Typically, data scientists can develop pilot models in isolation of other engineering roles in the IT team.  When it comes to deployment this is not the case (at least not usually), so education of the data science team on the complexity of deployment is also key.

Productionising:
We use the term productionising to cover an array of activities that are required in order to deploy the model securely into an integrated environment where it can be executed automatically within a workflow in a performant and reliable manner without manual intervention.  And ensuring that deployment and execution can be monitored and managed in as painless a way as possible by the team managing the solutions once they are live.

In deployment, it’s important to consider the computing resources required for the execution of the model and the profile of those as well as the optimal approach to provisioning and elasticity to control costs of execution, particularly in the cloud environments.  Information governance and security should be considered and best practices from the organisation should be applied to ensure compliance.  Integration with source and target systems through API’s or other methods should be part of the core deployment project in order to ensure contracts with other systems are meeting requirements.  Finally, end-to-end testing of the solution and of the monitoring and management tooling associated with it should be considered a high priority.  Often these data science models are tasked with a decision point and as such should be rigorously tested.

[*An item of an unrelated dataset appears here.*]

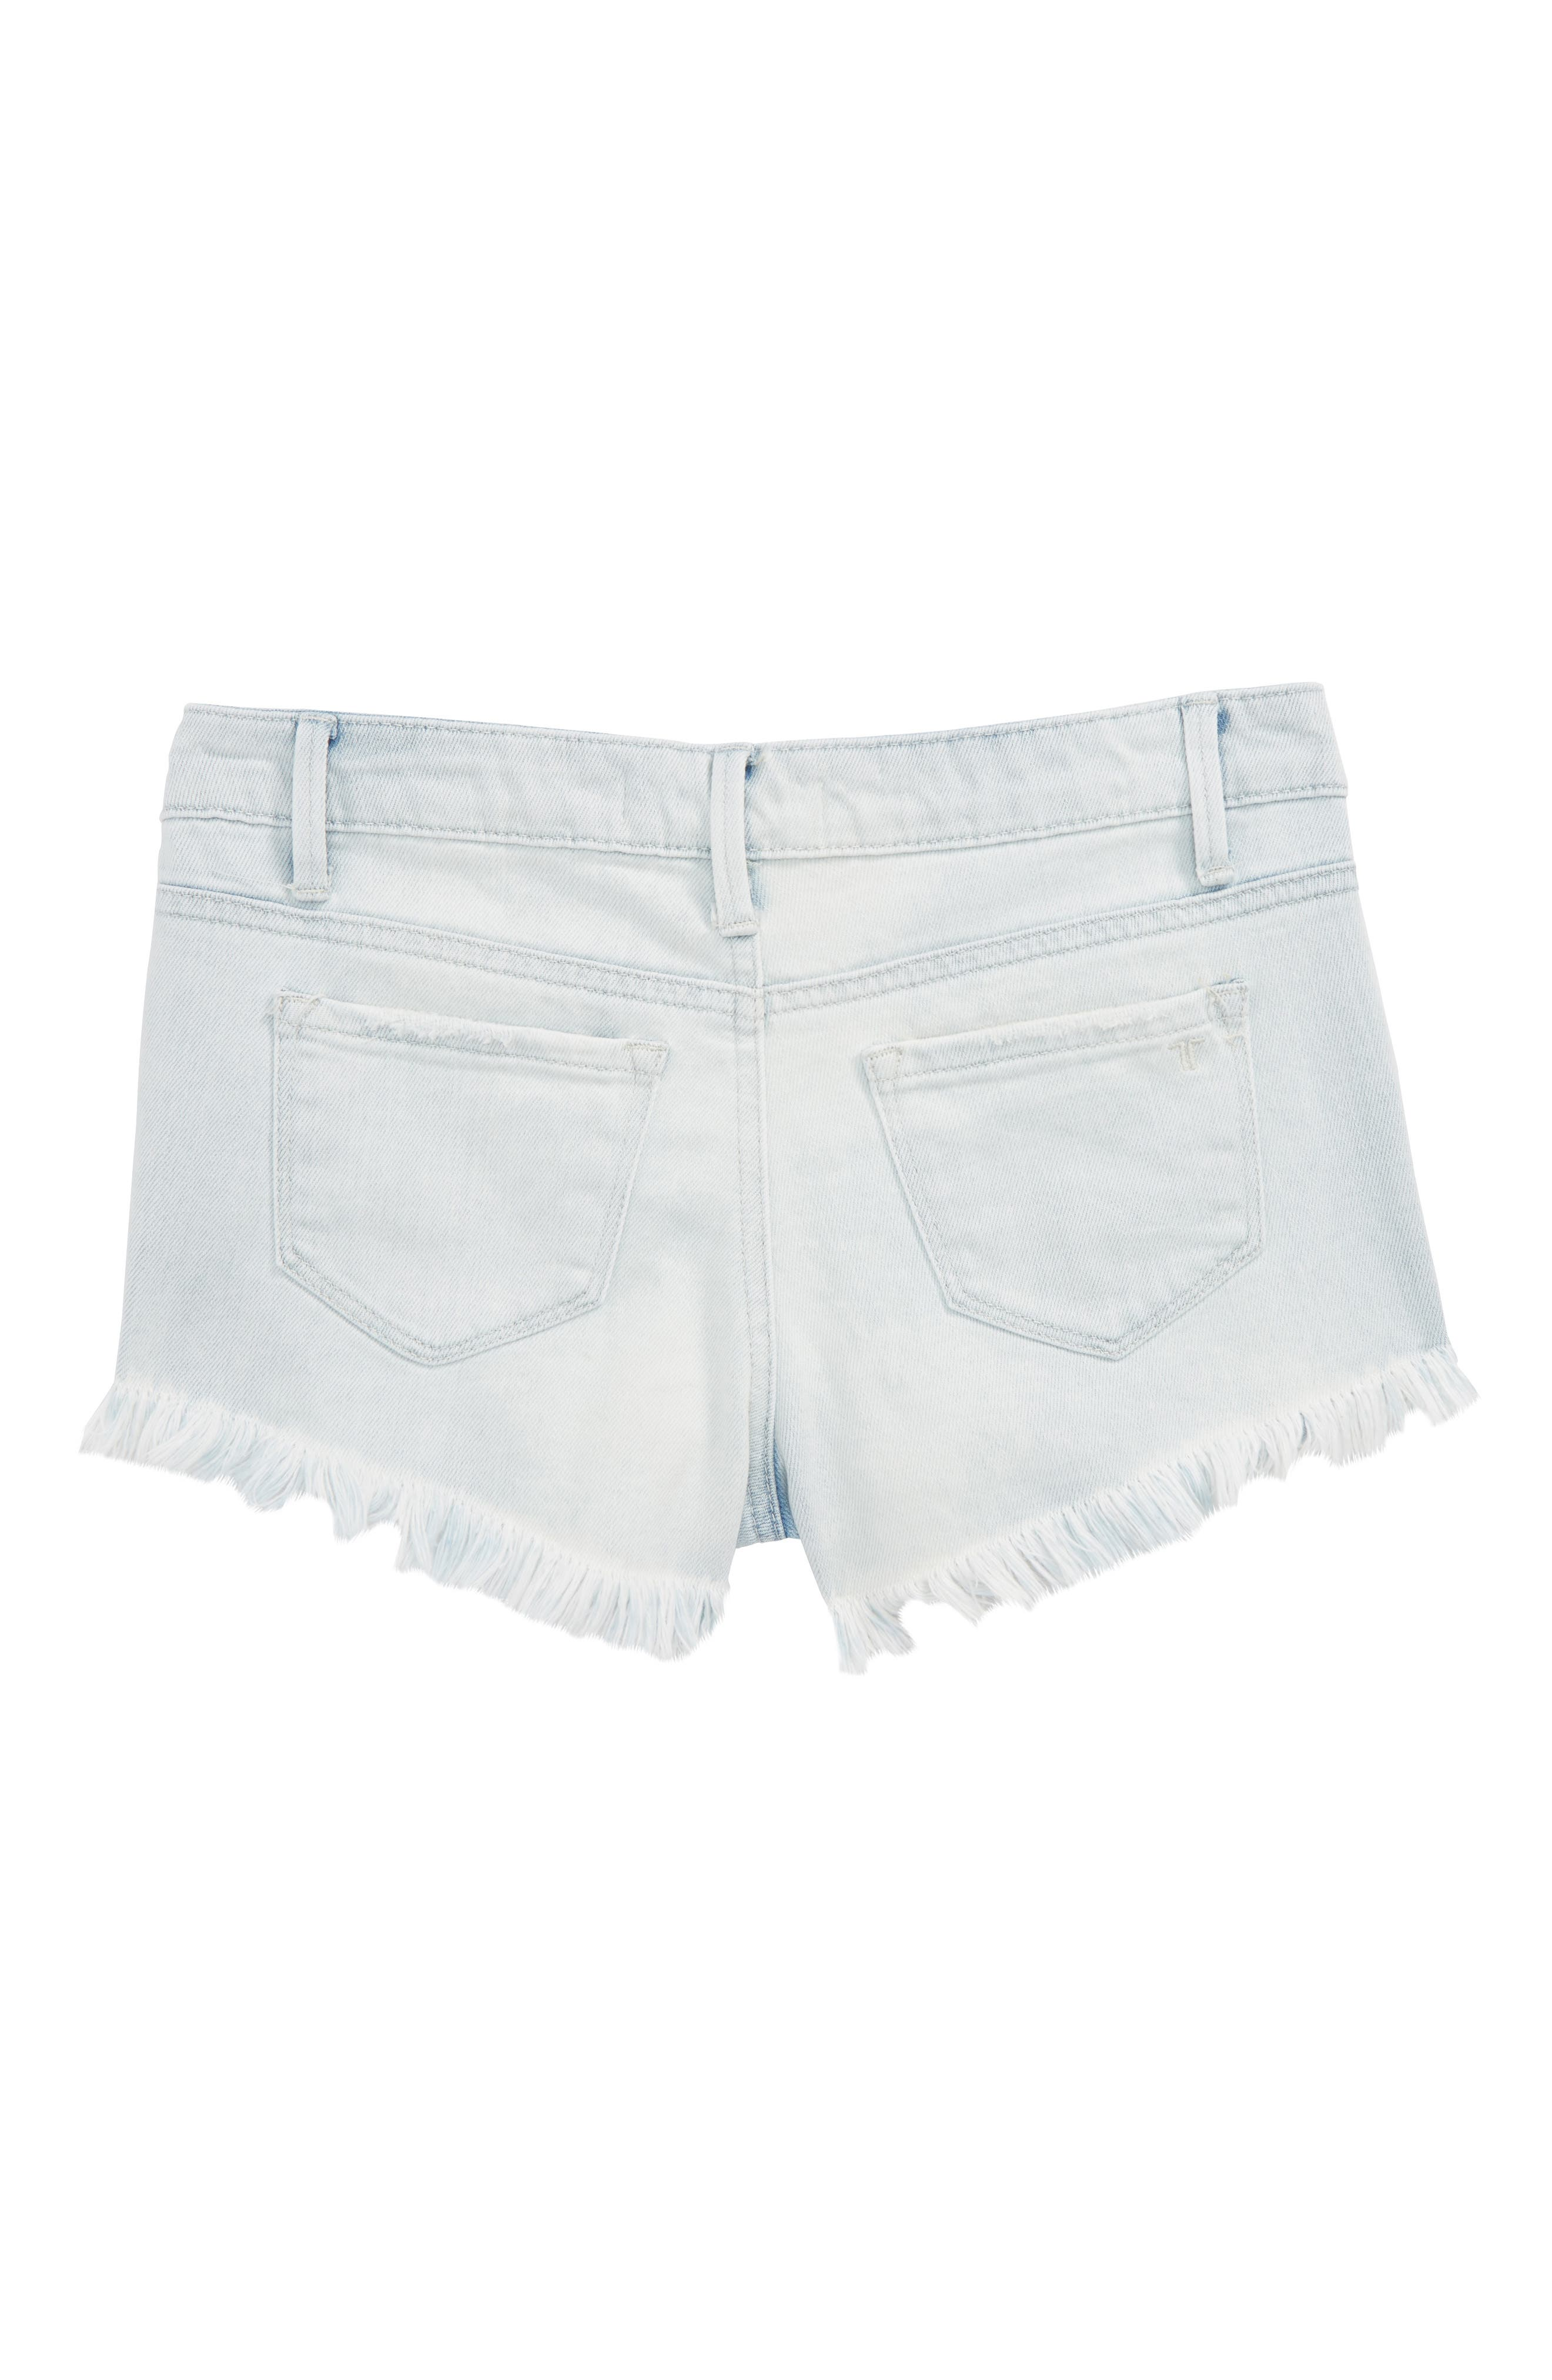 Destructed Frayed Denim Shorts,                             Alternate thumbnail 2, color,                             461

Live solutions should be secure, performant and financially viable.

Solution Management:
Just like any other solution in a production environment, data science models should be monitored and managed actively.  There are hundreds of horror stories of live models running un-monitored which have cost companies significantly as they degrade or start to deviate significantly from their targets without any intervention.

As part of the deployment process, the data scientists should be defining the acceptable thresholds of model performance with input from the business solution owners.  Monitoring mechanisms should then be created to ensure that when thresholds are hit that warning or alerts are triggered or that specific events processes are initiated.

The team managing the solutions should have the skills to investigate errors and to retrain models as they degrade.  To carry out these tasks, skills in languages including R and Python are typically required, and understanding of statistical analytical approaches and algorithms are essential.  As such cross-training, your managed services team is necessary or perhaps augmenting them with new resources specifically with data science skills.

If you manage to get these three elements across the line you will be in a great position to enable teams from across your organisation to develop and productionise high-value data science solutions in a rapid and secure manner.